- _Records for this task_
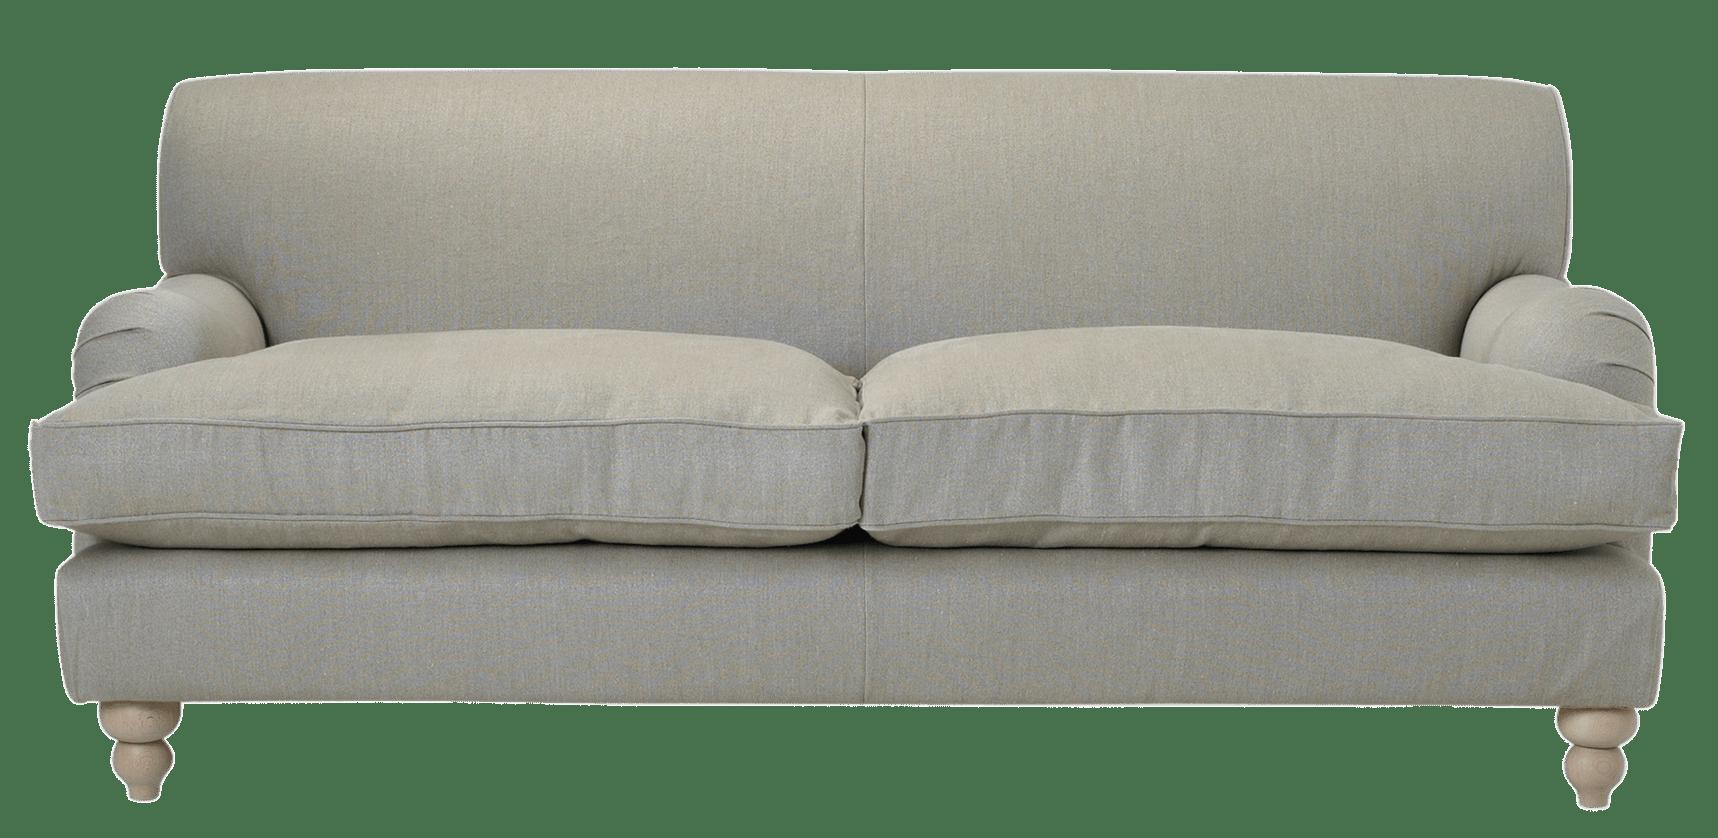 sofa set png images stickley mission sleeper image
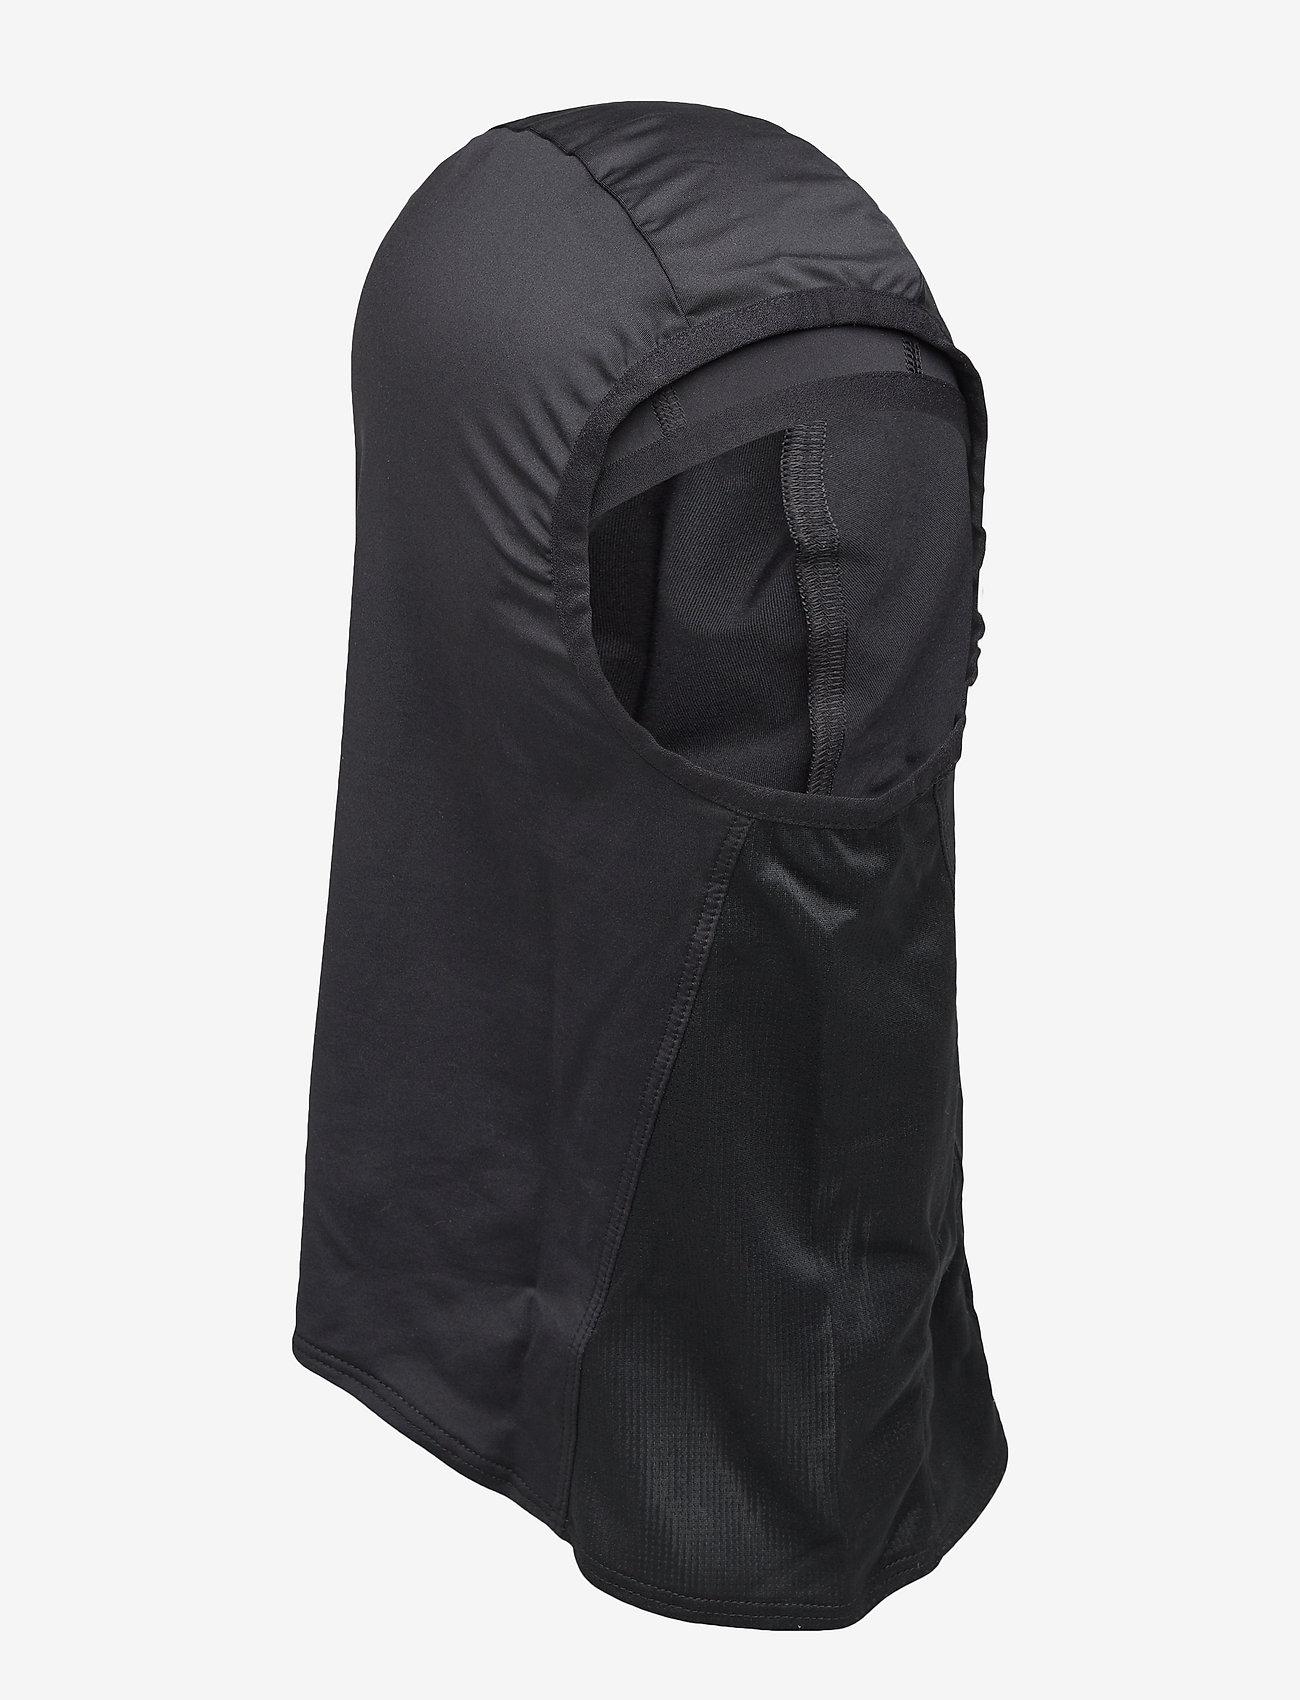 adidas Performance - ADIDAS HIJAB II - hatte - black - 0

---

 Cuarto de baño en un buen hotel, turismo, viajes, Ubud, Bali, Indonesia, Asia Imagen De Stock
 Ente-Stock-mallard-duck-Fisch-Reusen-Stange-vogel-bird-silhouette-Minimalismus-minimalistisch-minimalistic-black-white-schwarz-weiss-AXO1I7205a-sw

* * *

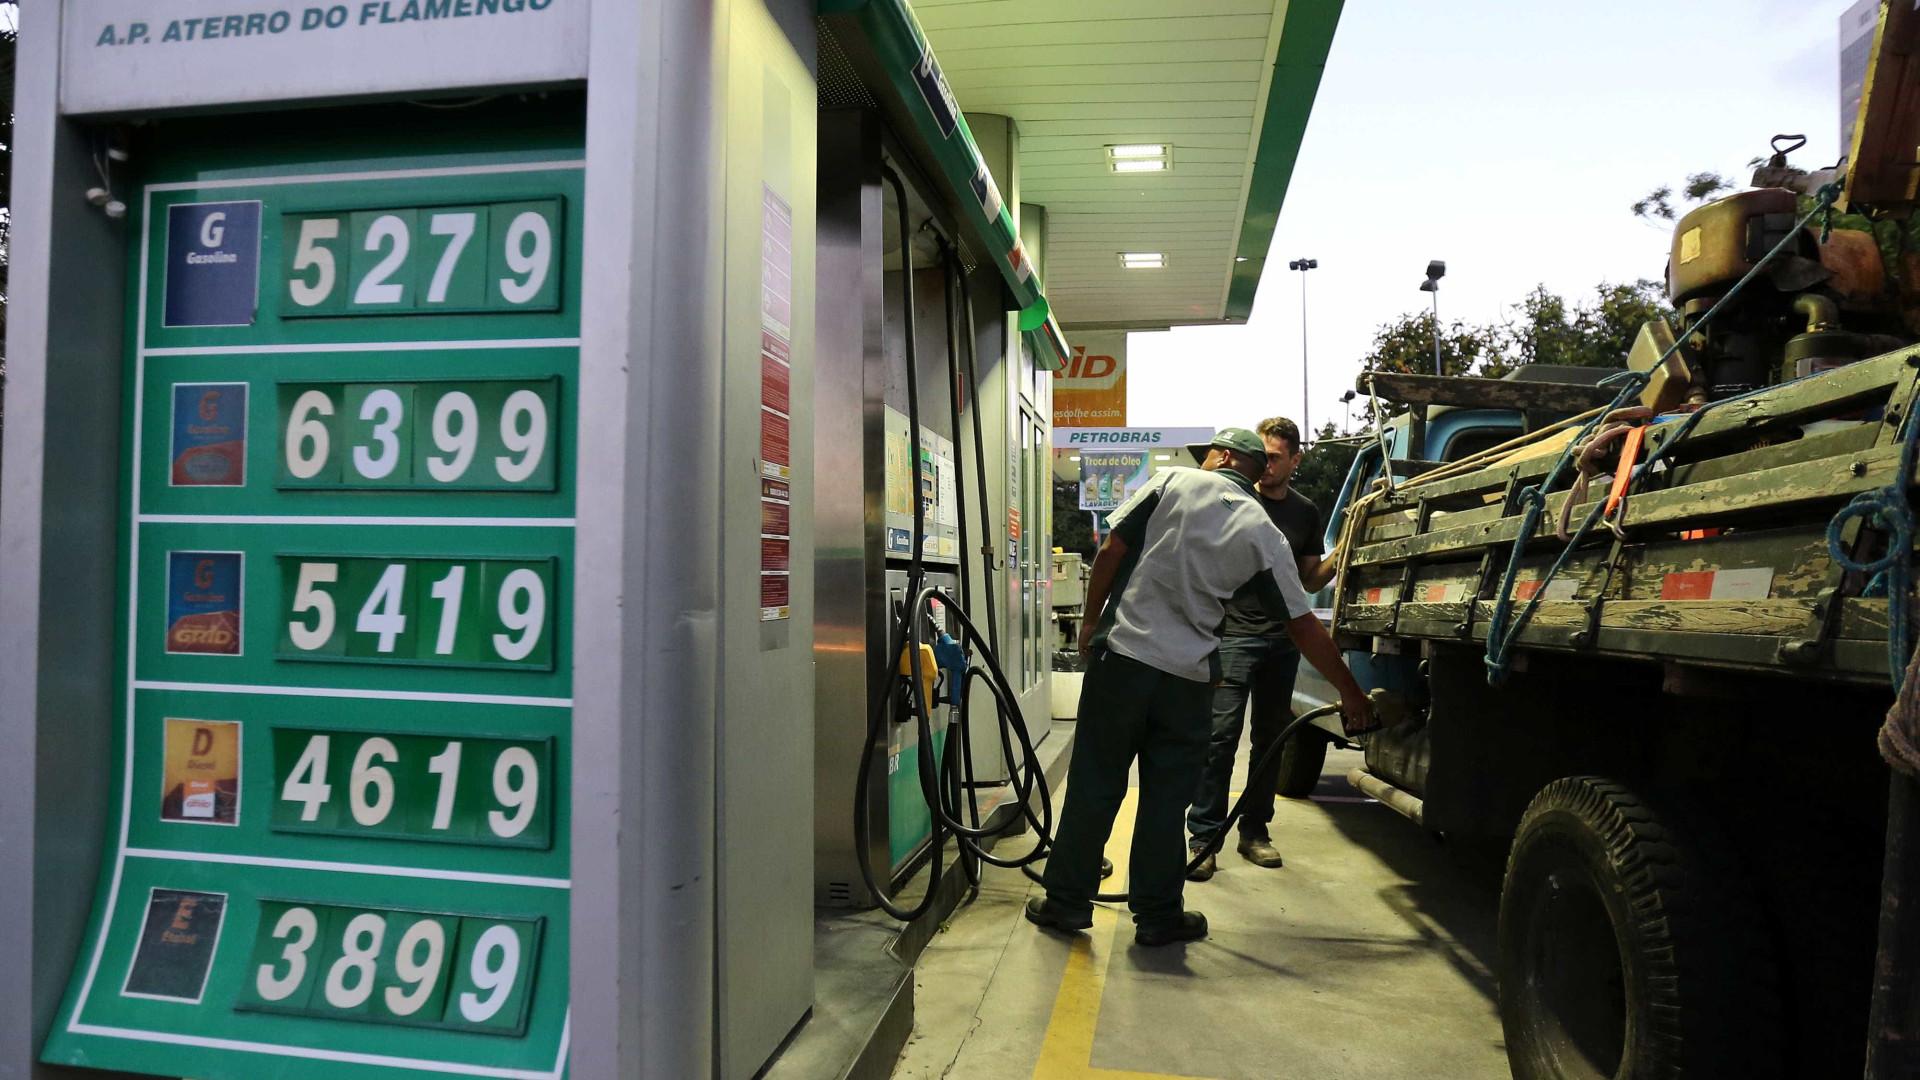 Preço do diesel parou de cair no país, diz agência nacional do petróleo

- _Instructions for the task_
When "Stock" shows up in a line of the material, report that line.

- _Your solution_
 Cuarto de baño en un buen hotel, turismo, viajes, Ubud, Bali, Indonesia, Asia Imagen De Stock
 Ente-Stock-mallard-duck-Fisch-Reusen-Stange-vogel-bird-silhouette-Minimalismus-minimalistisch-minimalistic-black-white-schwarz-weiss-AXO1I7205a-sw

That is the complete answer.